Nano/microscale roughness control of accident-tolerant Cr- and CrAl-coated surfaces to enhance critical heat flux
- Authors
- Son, Hong Hyun; Kim, Namgook; Kim, Sung Joong
- Issue Date
- Feb-2020
- Publisher
- PERGAMON-ELSEVIER SCIENCE LTD
- Keywords
- Critical heat flux; Accident-tolerant fuel cladding; Surface roughness; Capillary wicking
- Citation
- Applied Thermal Engineering, v.167, pp 1 - 18
- Pages
- 18
- Indexed
- SCIE
SCOPUS
- Journal Title
- Applied Thermal Engineering
- Volume
- 167
- Start Page
- 1
- End Page
- 18
- URI
- https://scholarworks.bwise.kr/hanyang/handle/2021.sw.hanyang/10702
- DOI
- 10.1016/j.applthermaleng.2019.114786
- ISSN
- 1359-4311
- Abstract
- This study aimed to improve the thermal safety of accident-tolerant fuel (ATF) cladding by enhancing the pool boiling critical heat flux (CHF) through control of the nano/microscale roughness of ATF-functional Cr- and CrAl-coated surfaces. To diversify the surface structures at the nano/microscale, we ground the surface to achieve the typical roughness range of a nuclear fuel cladding and then deposited the ATF candidate materials of Cr and CrAl on the ground surface. 17 test surfaces were fabricated by grouping three types of surface structures: microstructure, nanostructure, and nano/microstructure. The structural feature was parametrically categorized based on the arithmetic roughness height R-a at microscale and the surface area ratio r(n) at nanoscale. While R-a was observed to influence both the nucleate boiling efficiency and CHF, r(n) was not capable of enhancing them both exclusively.

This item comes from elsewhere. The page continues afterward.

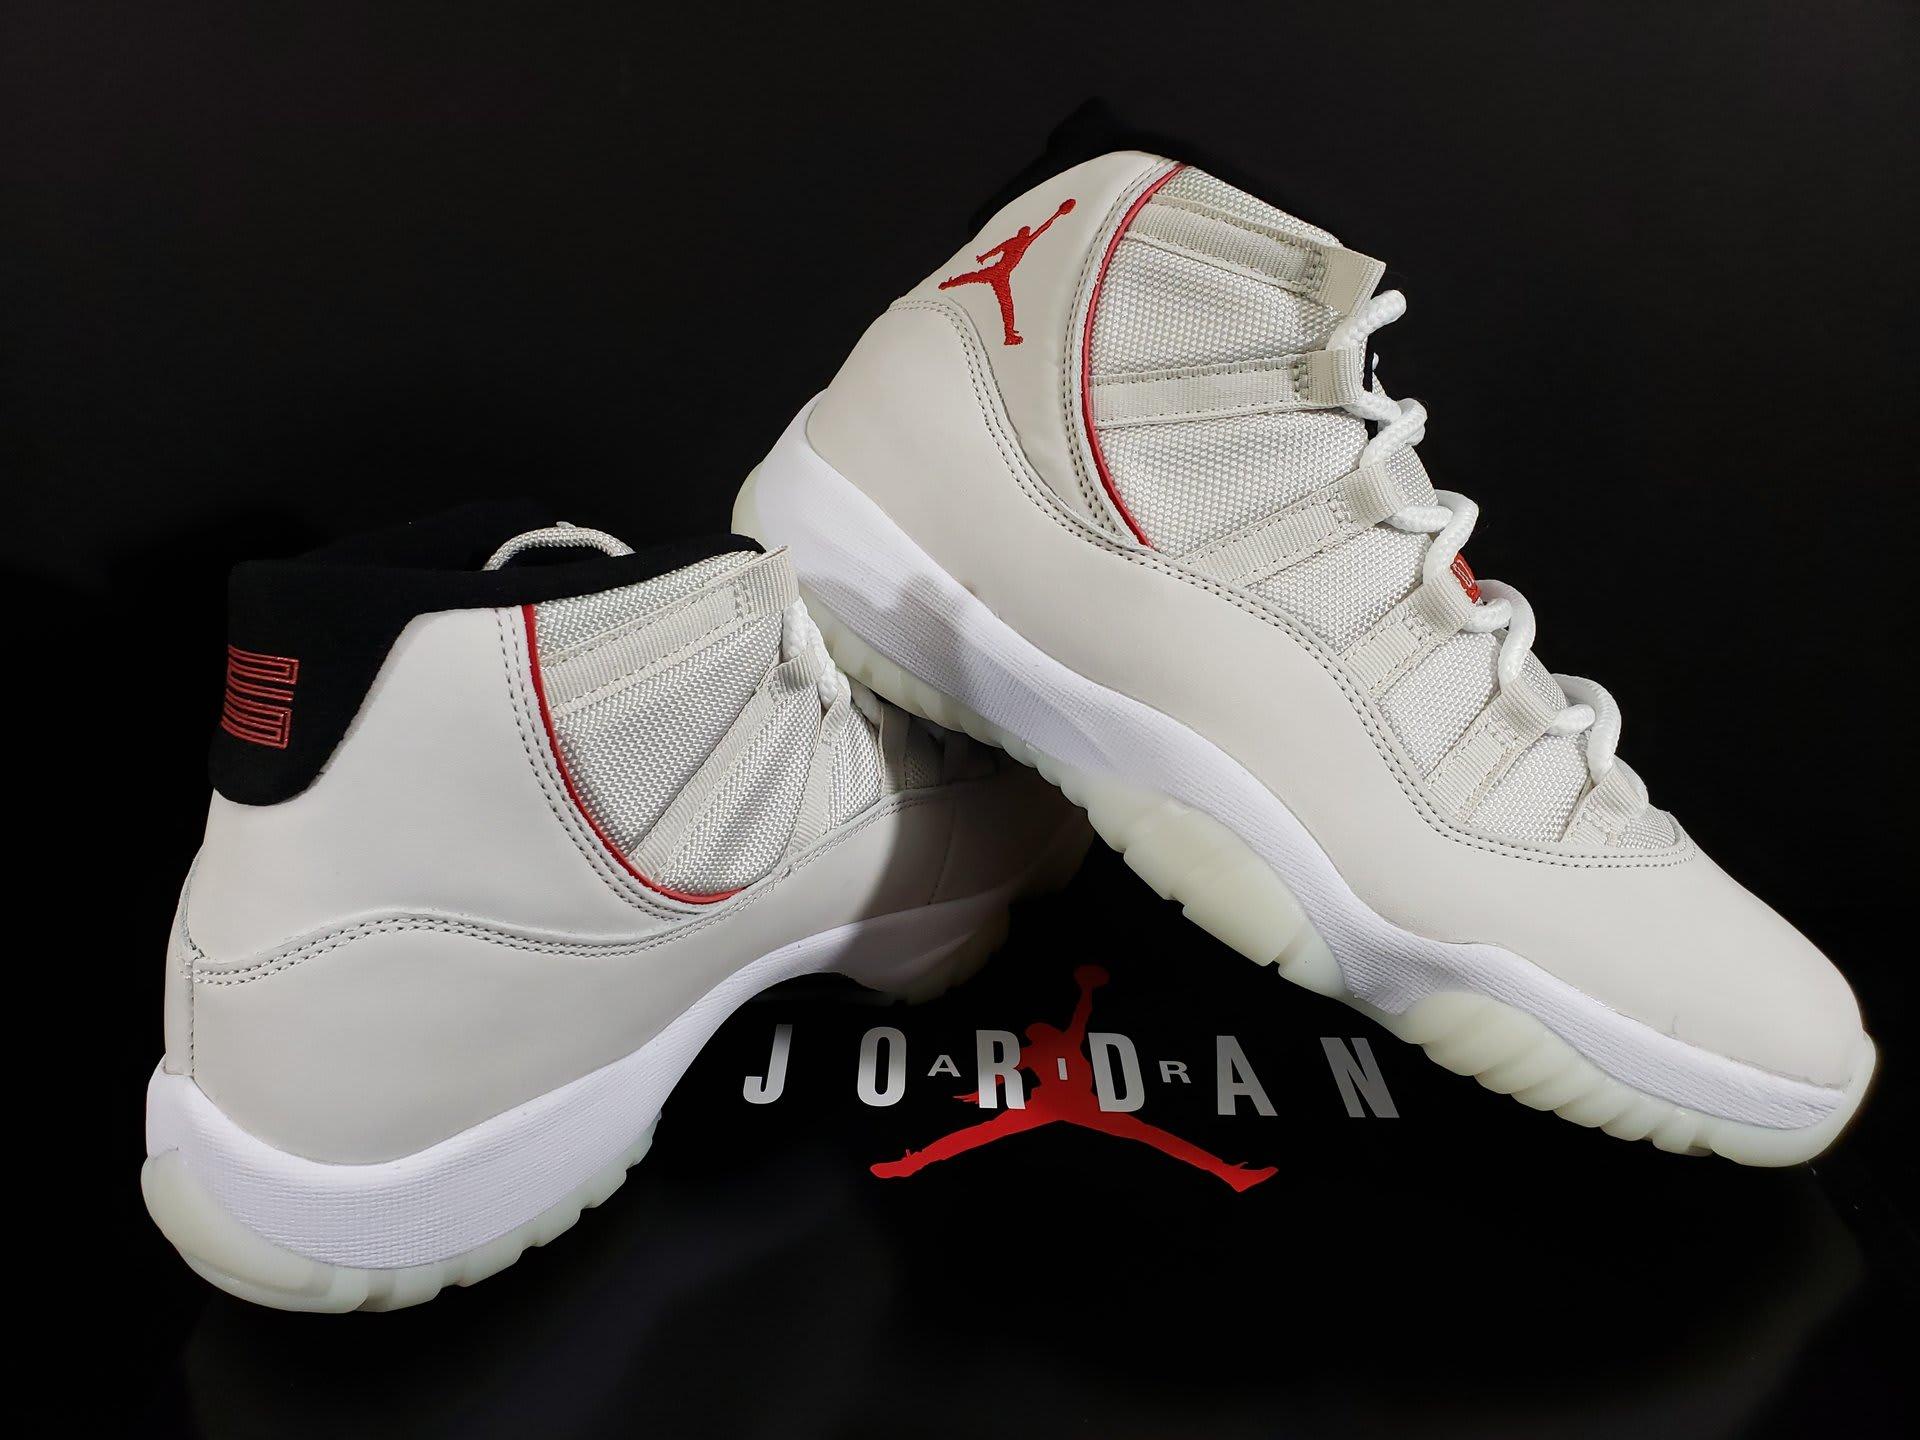 sports shoes 04dfb 0771a ... amazon image via fineline1721 air jordan 11 xi platinum tint release  date 378037 016 right 11588

Nonetheless, a synergistic effect of R-a and r(n) on the CHF was observed. The CHF values of microstructure, nanostructure, and nano/microstructure were enhanced by 19%, 9%, and 79%, respectively. A capillary wicking experiment showed that an increase in surface roughness leads to a decrease in the dry area; therefore, a potential increase in the liquid area fraction of the boiling surface contributes to additional evaporation.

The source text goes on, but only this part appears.